* [PROBLEM TO SOLVE]: Output exactly the lines below from the one containing "baston esqui Leki" to the last line, both included. Omit pictures.

* [INFORMATION SUPPLIED]:
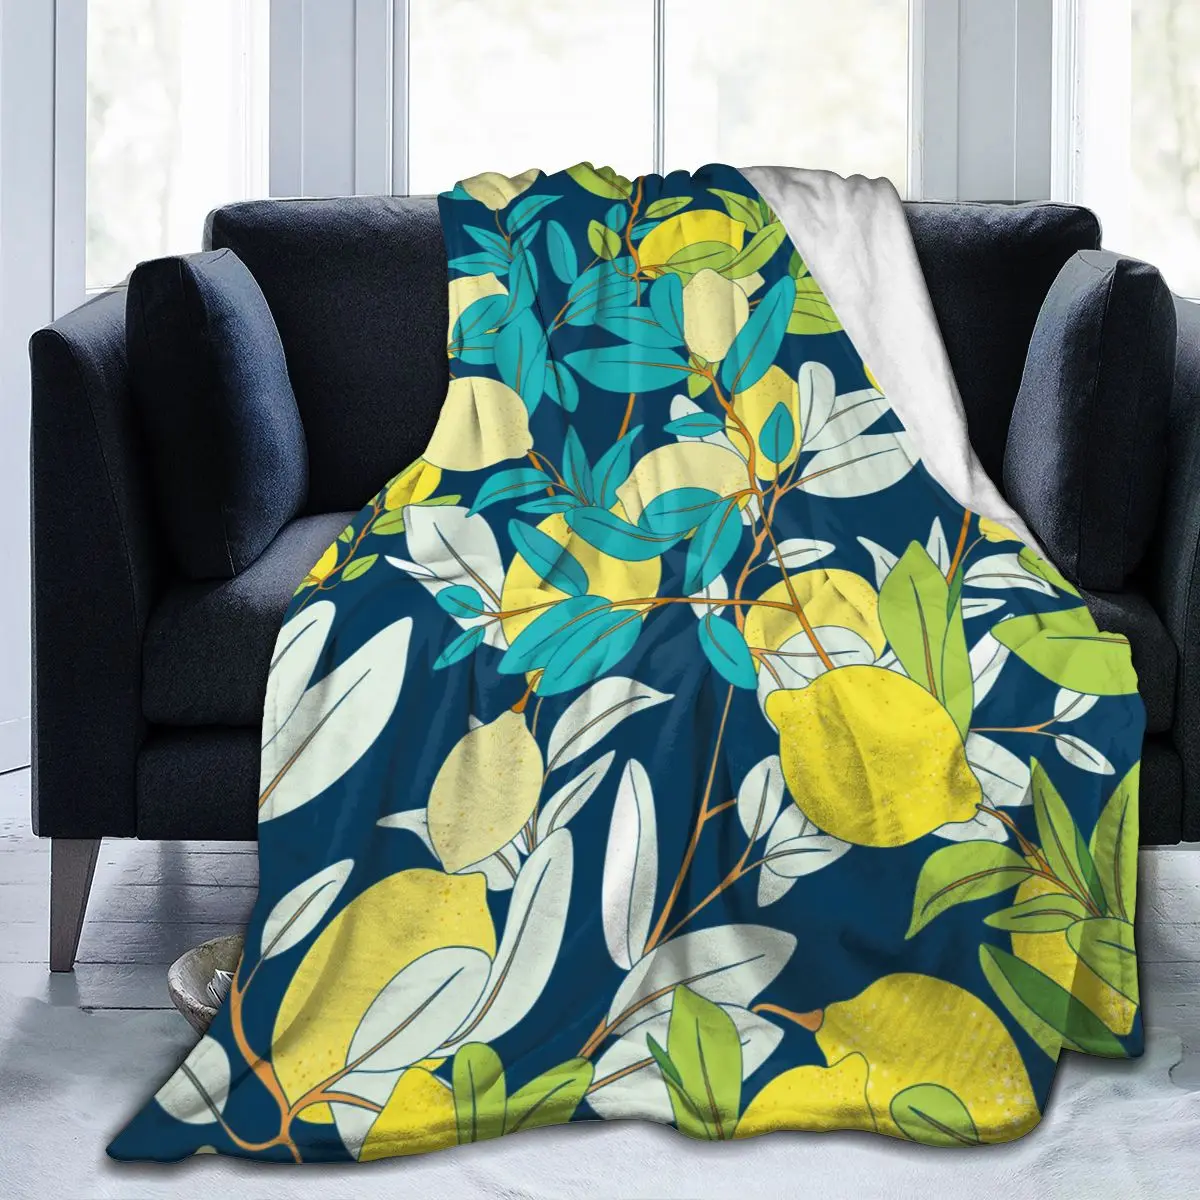 

Мягкое теплое фланелевое одеяло, винтажное, с растительным рисунком лимона, переносное, зимнее, тонкое покрывало для кровати, дивана
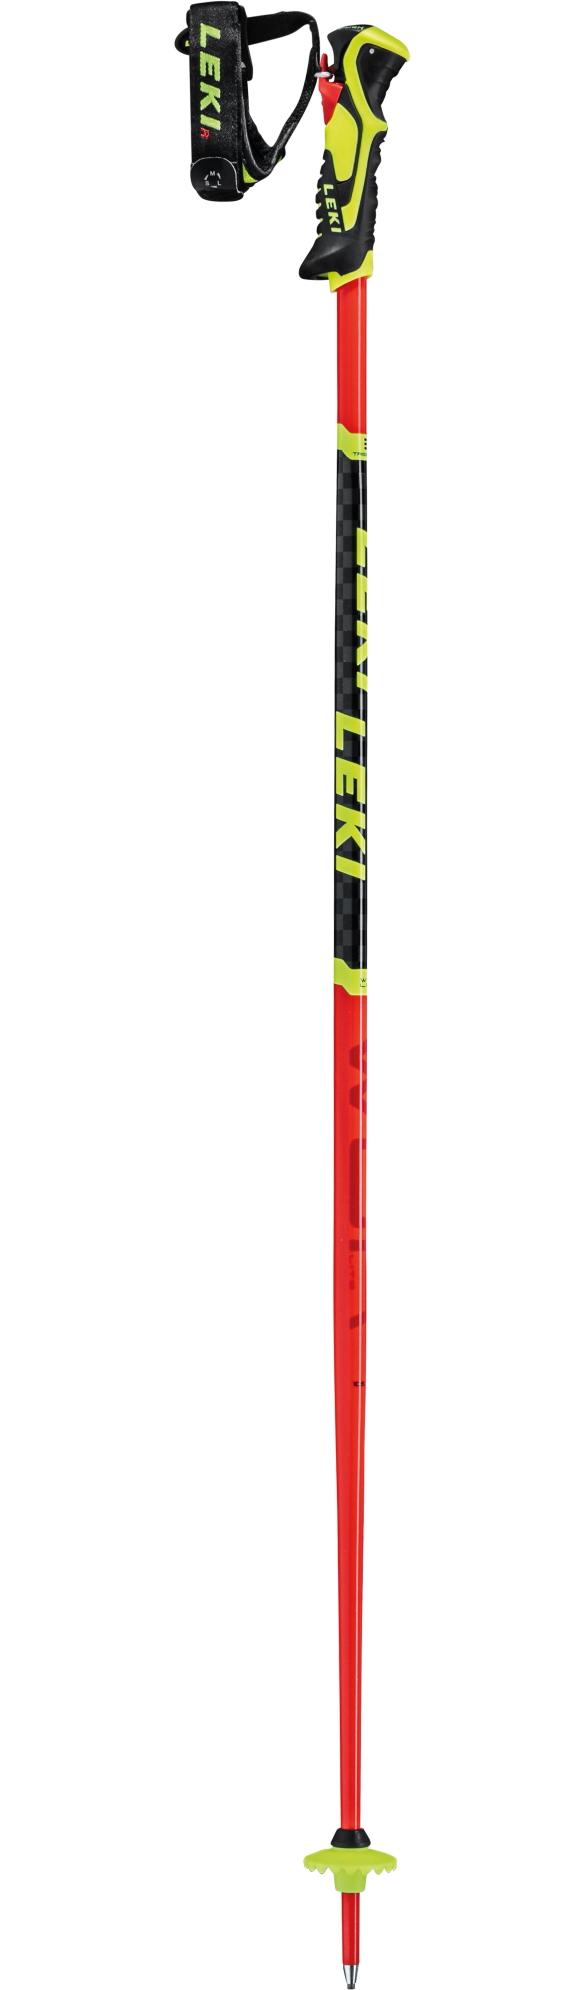 baston esqui Leki Wcr Lite Sl 3D Rojo-negro-Amarillo Neon
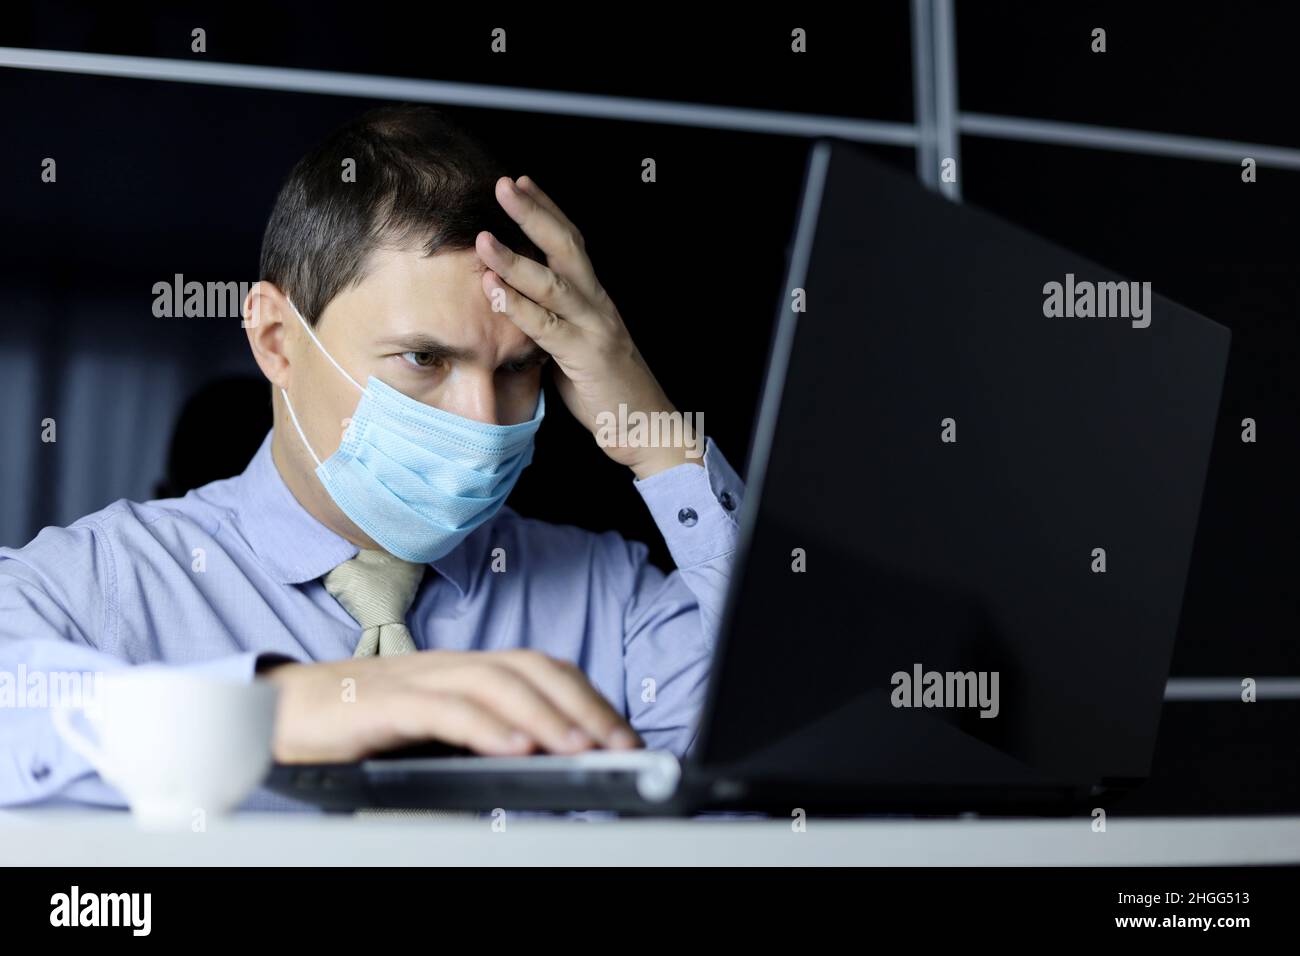 Uomo in maschera facciale e abiti da ufficio guardando concentrato sul display del computer portatile. Concetto di soluzione di un compito difficile Foto Stock

* [EXERCISE RESULT]:
 baston esqui Leki Wcr Lite Sl 3D Rojo-negro-Amarillo Neon
 Uomo in maschera facciale e abiti da ufficio guardando concentrato sul display del computer portatile. Concetto di soluzione di un compito difficile Foto Stock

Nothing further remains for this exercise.